- [Exercise] In the copy, include all of the listing exactly and none of its pictures.

- [Supplied data]
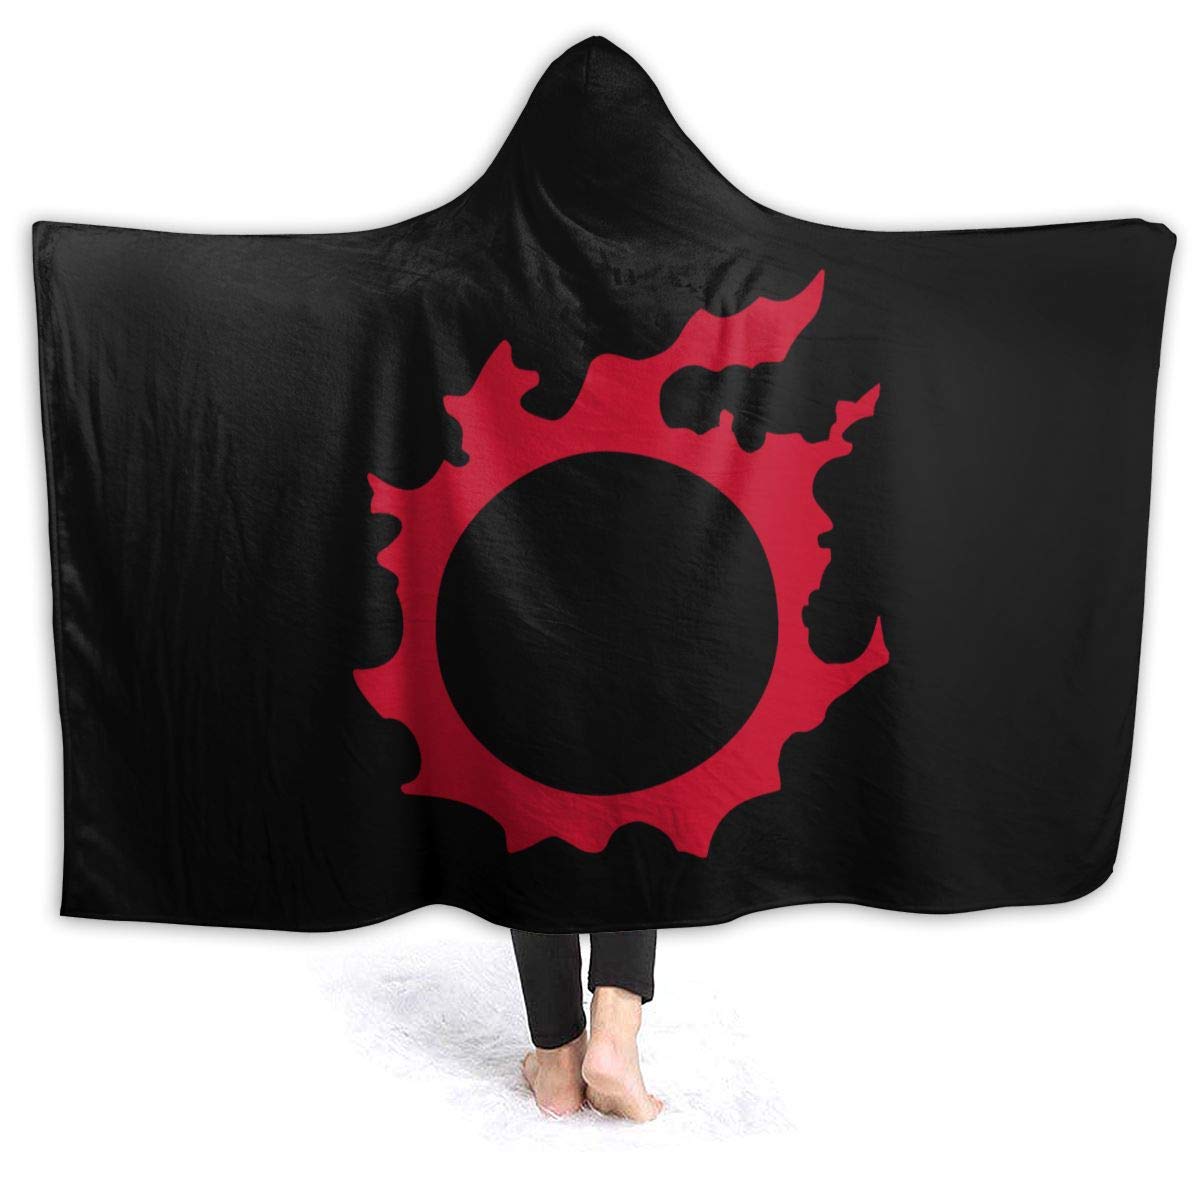 Goldeply Final Fantasy XIV Blankets with Cap Soft Blankets are Suitable for Sofas, for All Seasons,Flannel Hooded Blanket,Warm Plush Microfiber Bla...
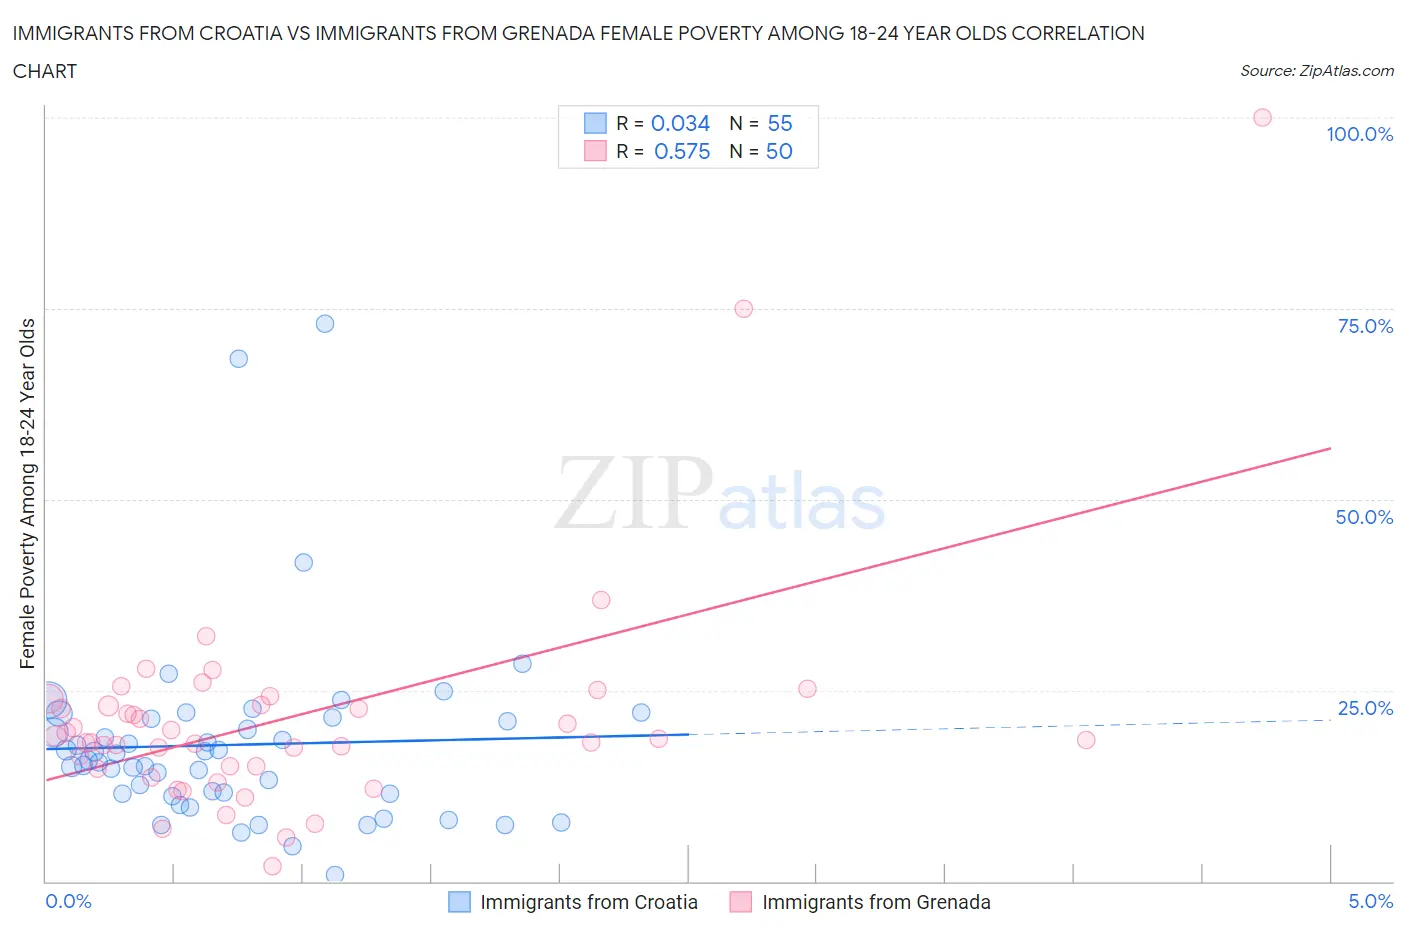 Immigrants from Croatia vs Immigrants from Grenada Female Poverty Among 18-24 Year Olds
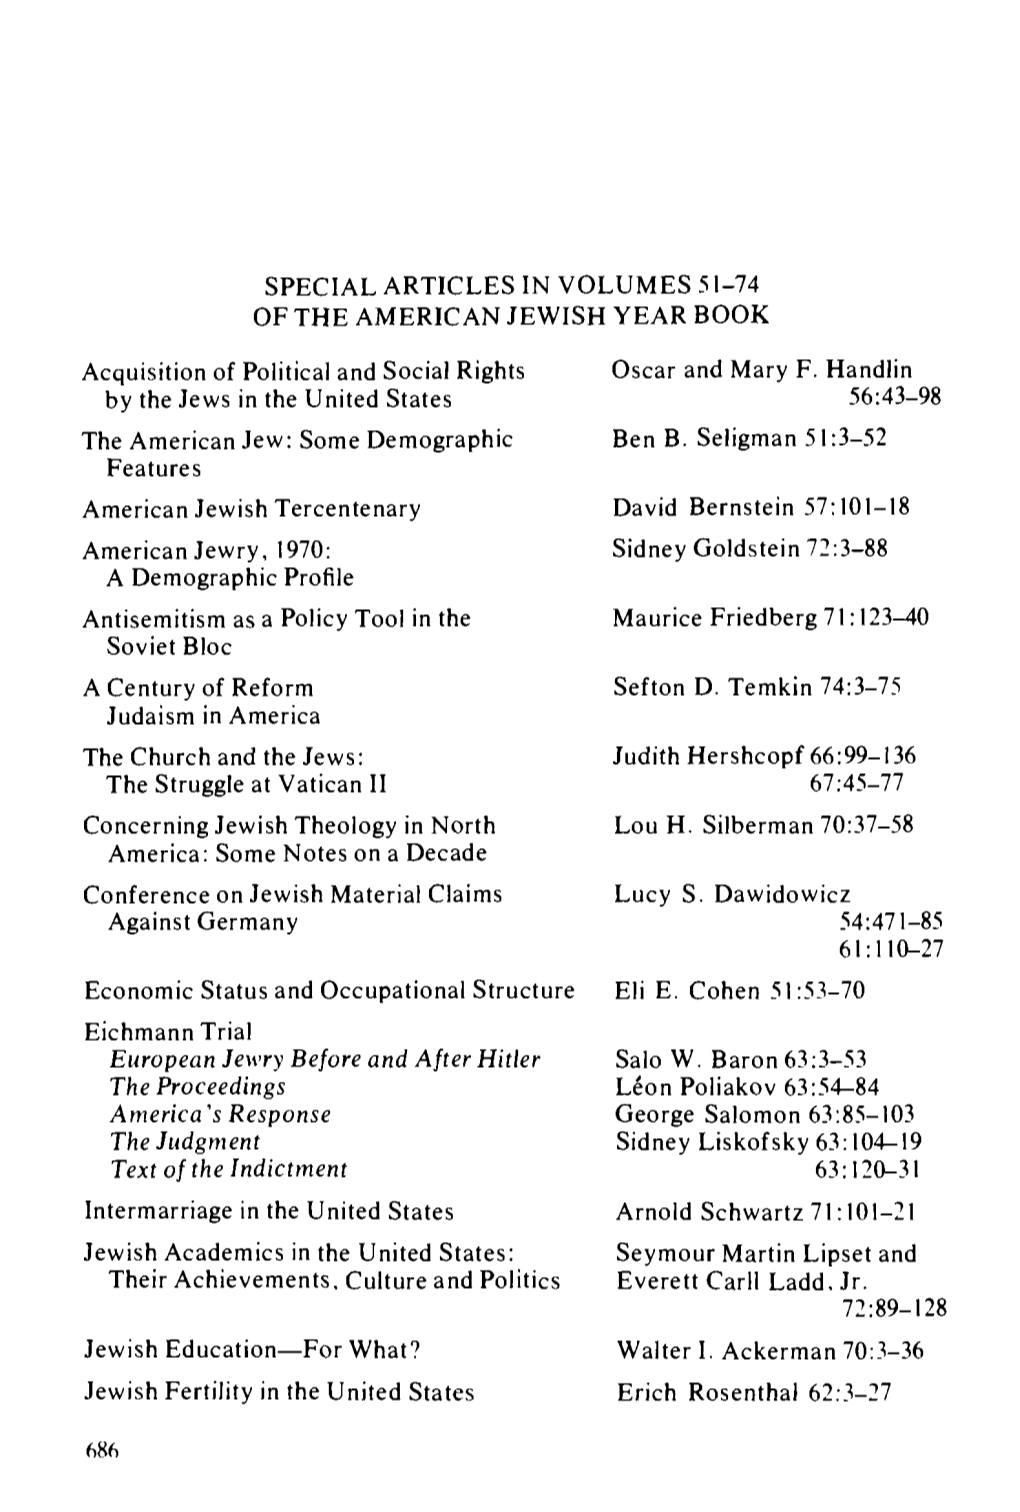 Special Articles in Volumes 51-74 of the American Jewish Year Book

- [Solution to this exercise]
 Goldeply Final Fantasy XIV Blankets with Cap Soft Blankets are Suitable for Sofas, for All Seasons,Flannel Hooded Blanket,Warm Plush Microfiber Bla...
 Immigrants from Croatia vs Immigrants from Grenada Female Poverty Among 18-24 Year Olds
 Special Articles in Volumes 51-74 of the American Jewish Year Book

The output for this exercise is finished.